Dataset content Block Start
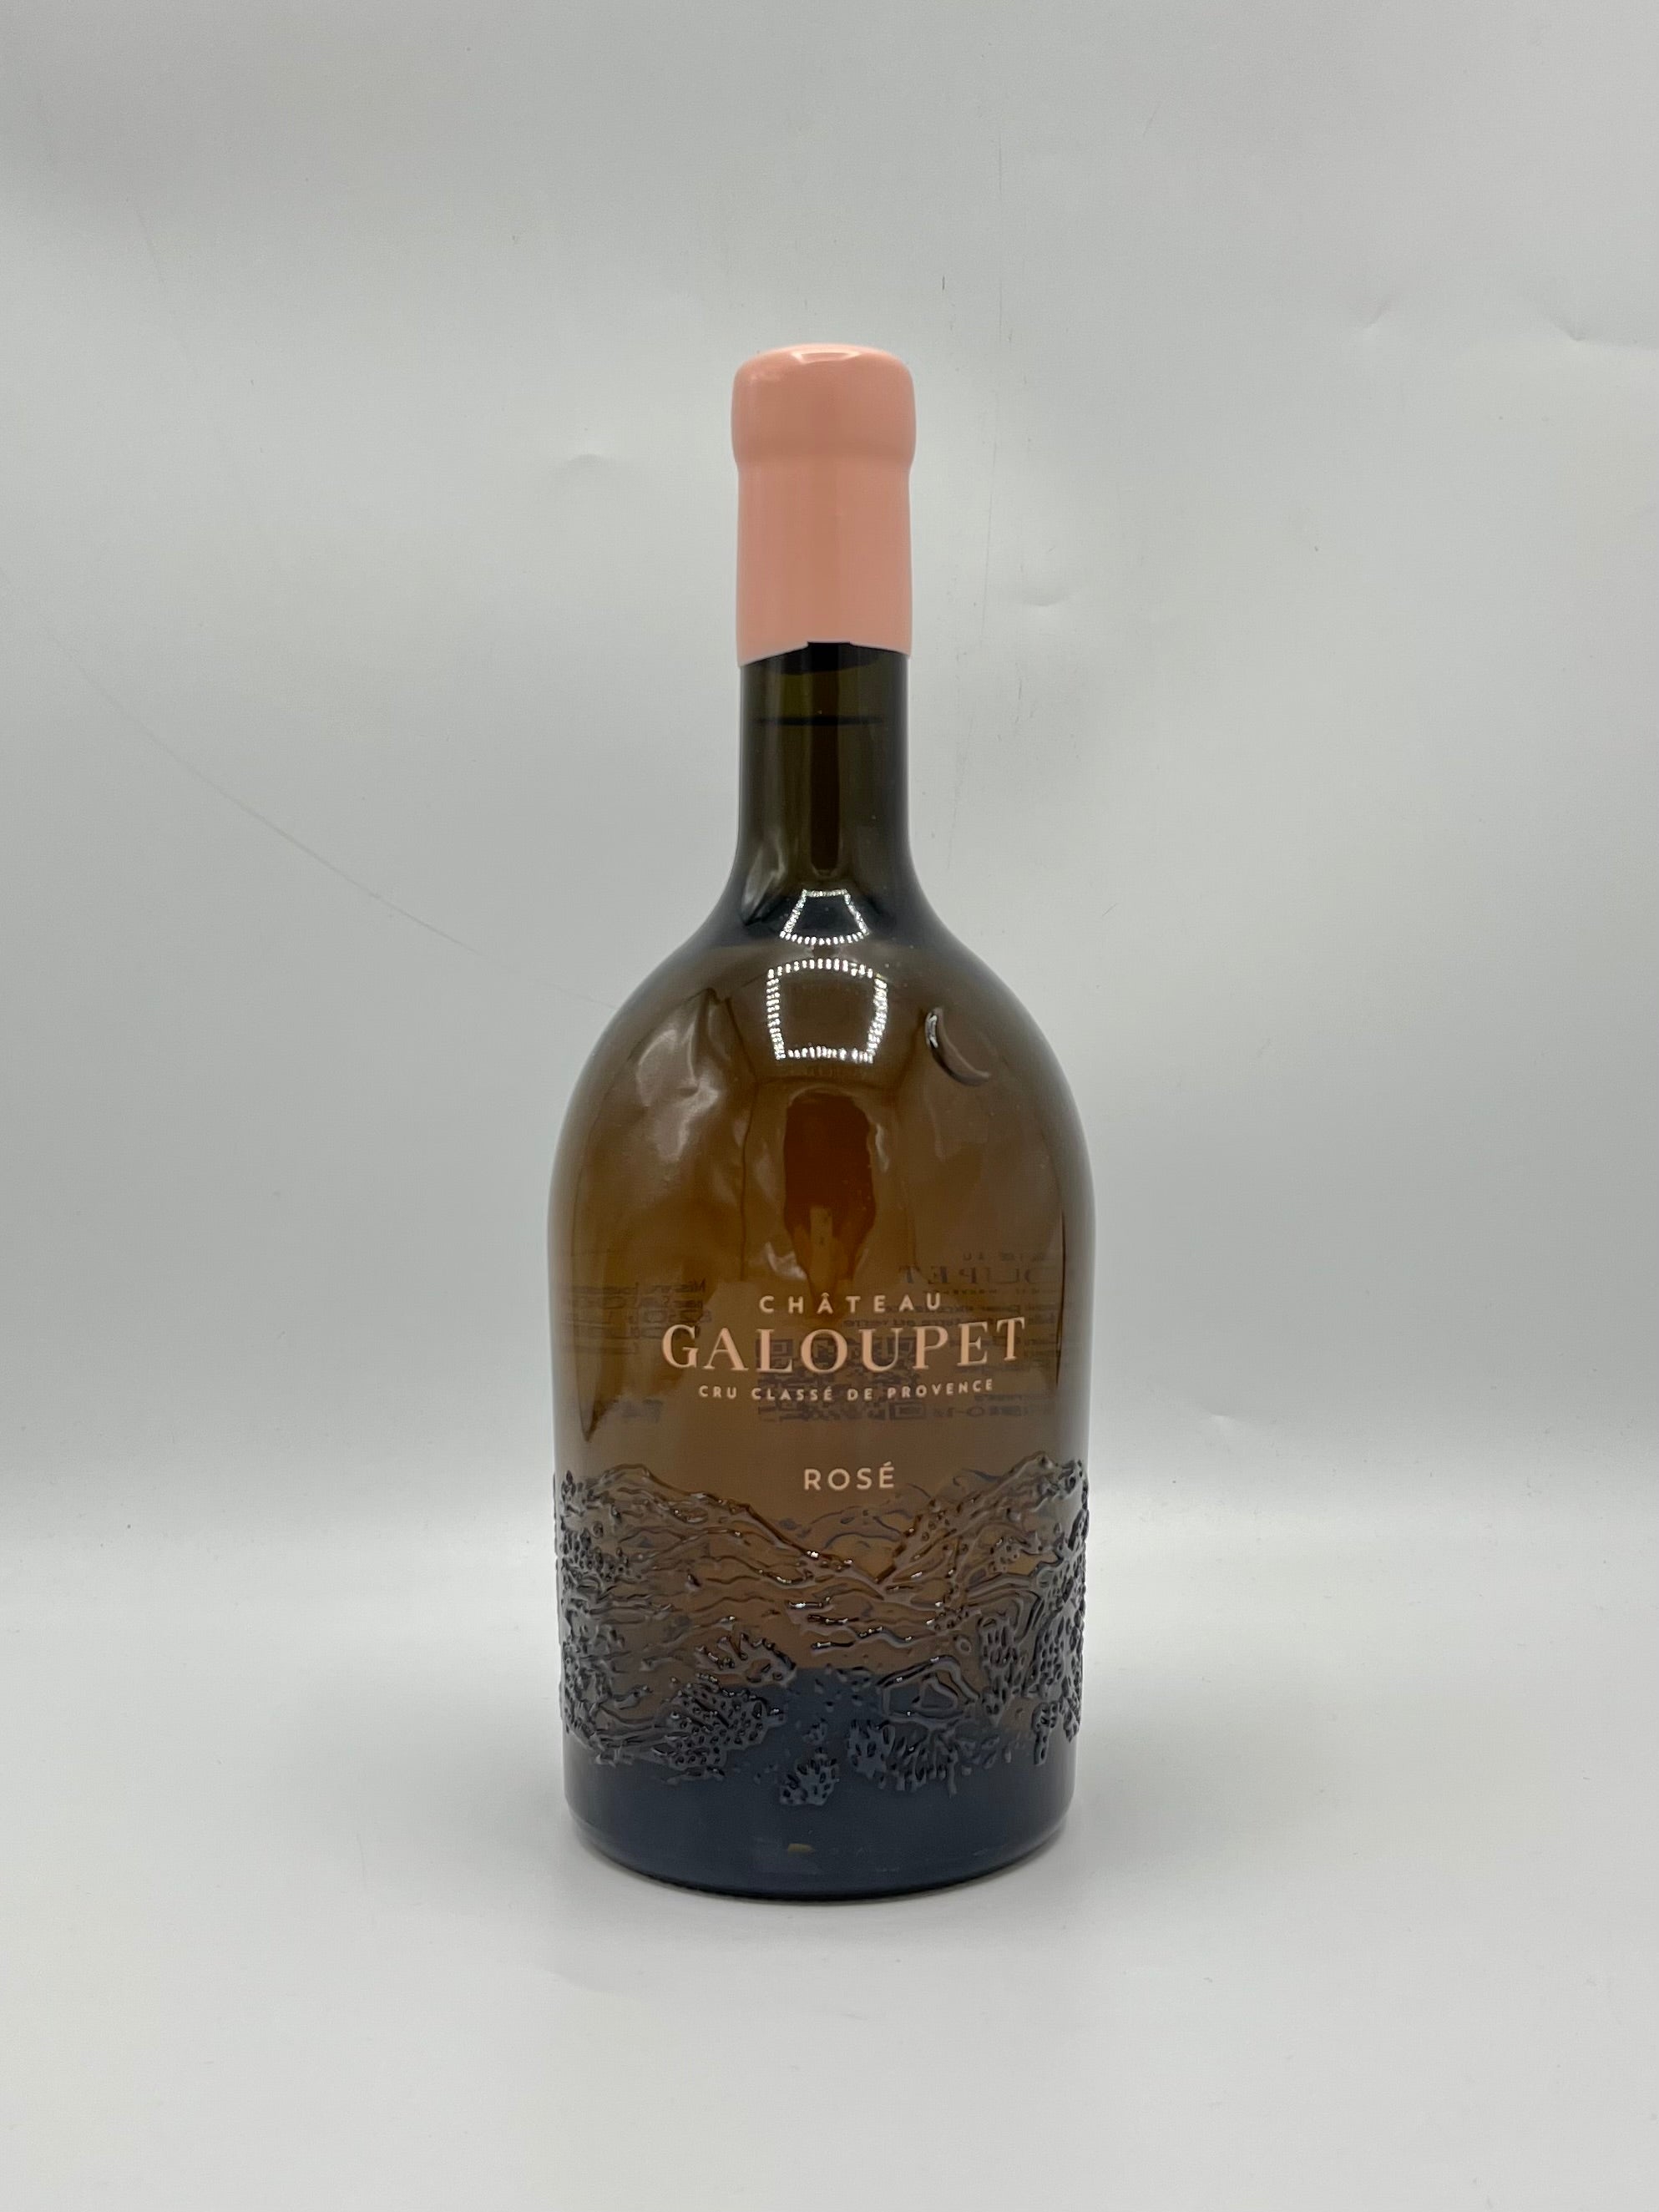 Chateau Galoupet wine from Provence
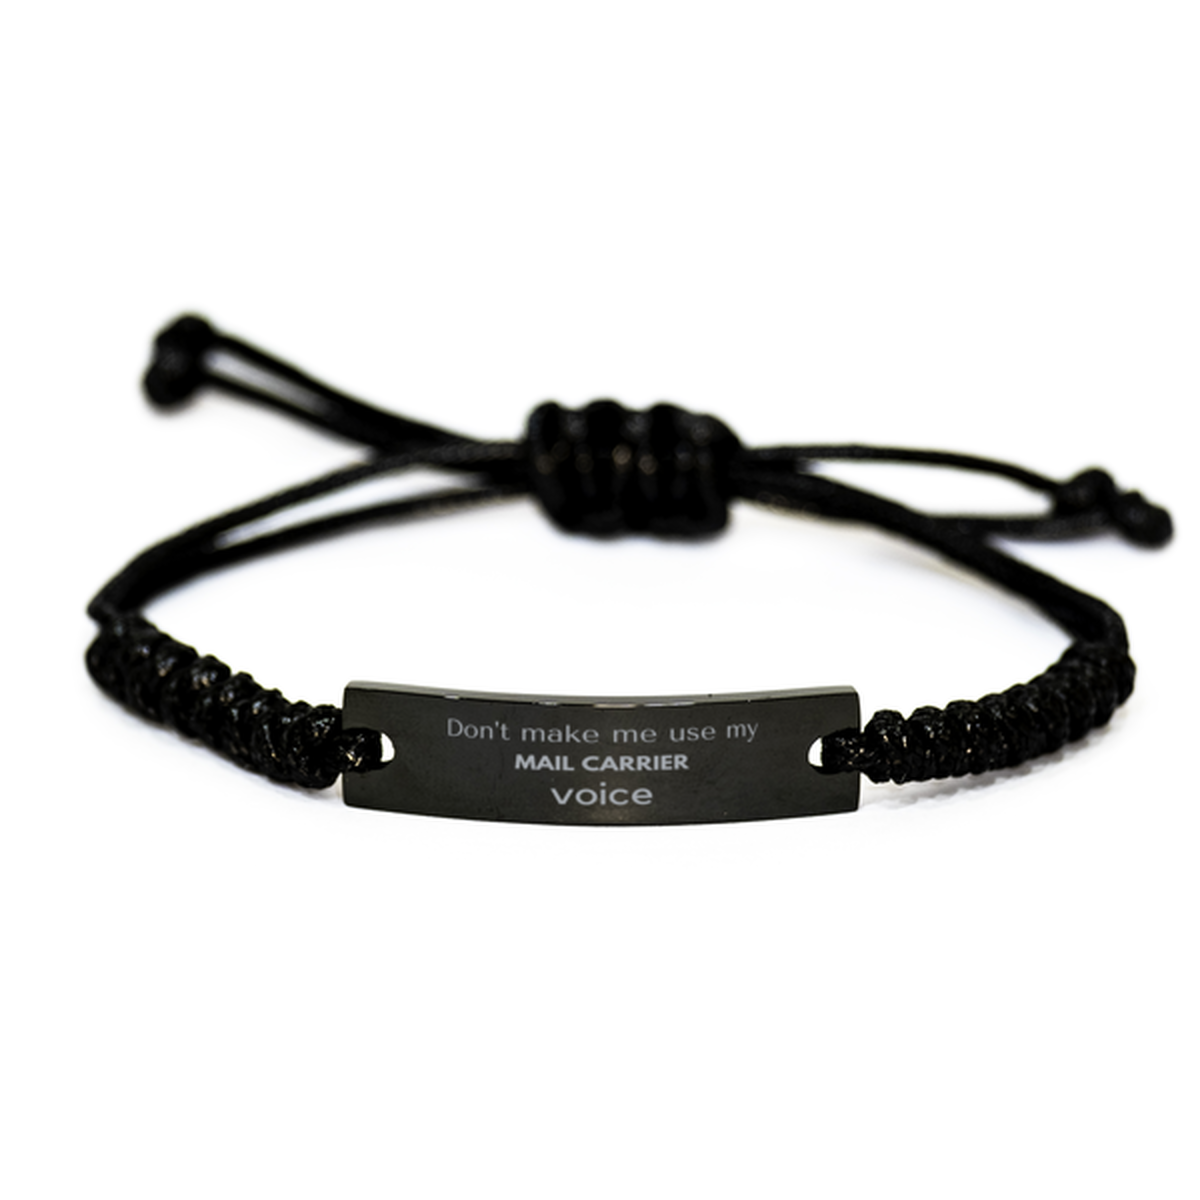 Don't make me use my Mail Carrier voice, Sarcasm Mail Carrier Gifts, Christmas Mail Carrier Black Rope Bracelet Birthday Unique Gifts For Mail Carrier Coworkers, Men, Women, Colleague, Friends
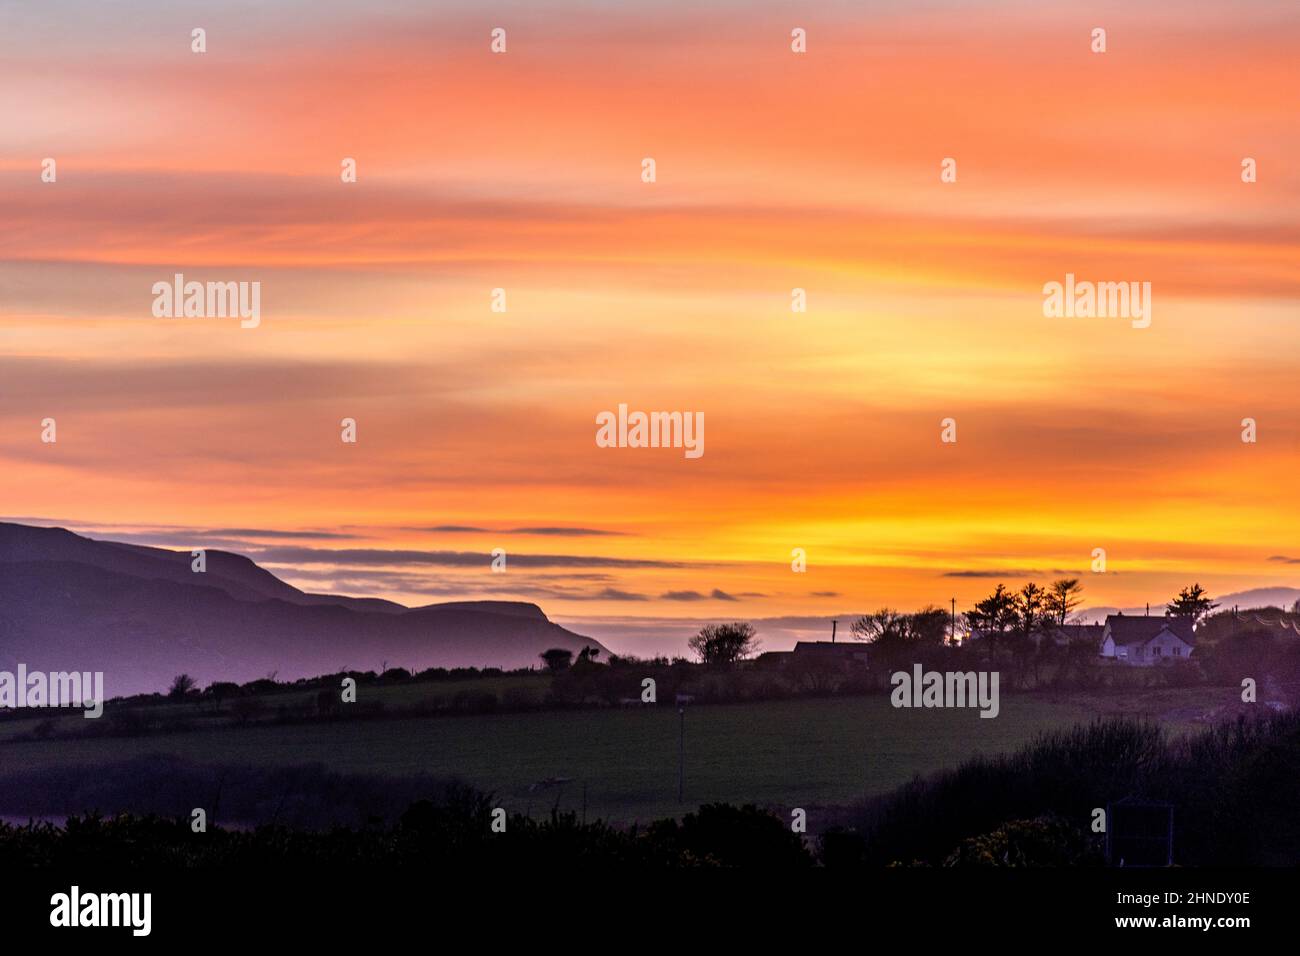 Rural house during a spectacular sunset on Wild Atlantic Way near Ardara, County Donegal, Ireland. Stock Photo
Dataset content Block End
→ Exercise objective
Reproduce the data above word for word and omit the images.

→ Problem solution
 Chateau Galoupet wine from Provence
 Don't make me use my Mail Carrier voice, Sarcasm Mail Carrier Gifts, Christmas Mail Carrier Black Rope Bracelet Birthday Unique Gifts For Mail Carrier Coworkers, Men, Women, Colleague, Friends
 Rural house during a spectacular sunset on Wild Atlantic Way near Ardara, County Donegal, Ireland. Stock Photo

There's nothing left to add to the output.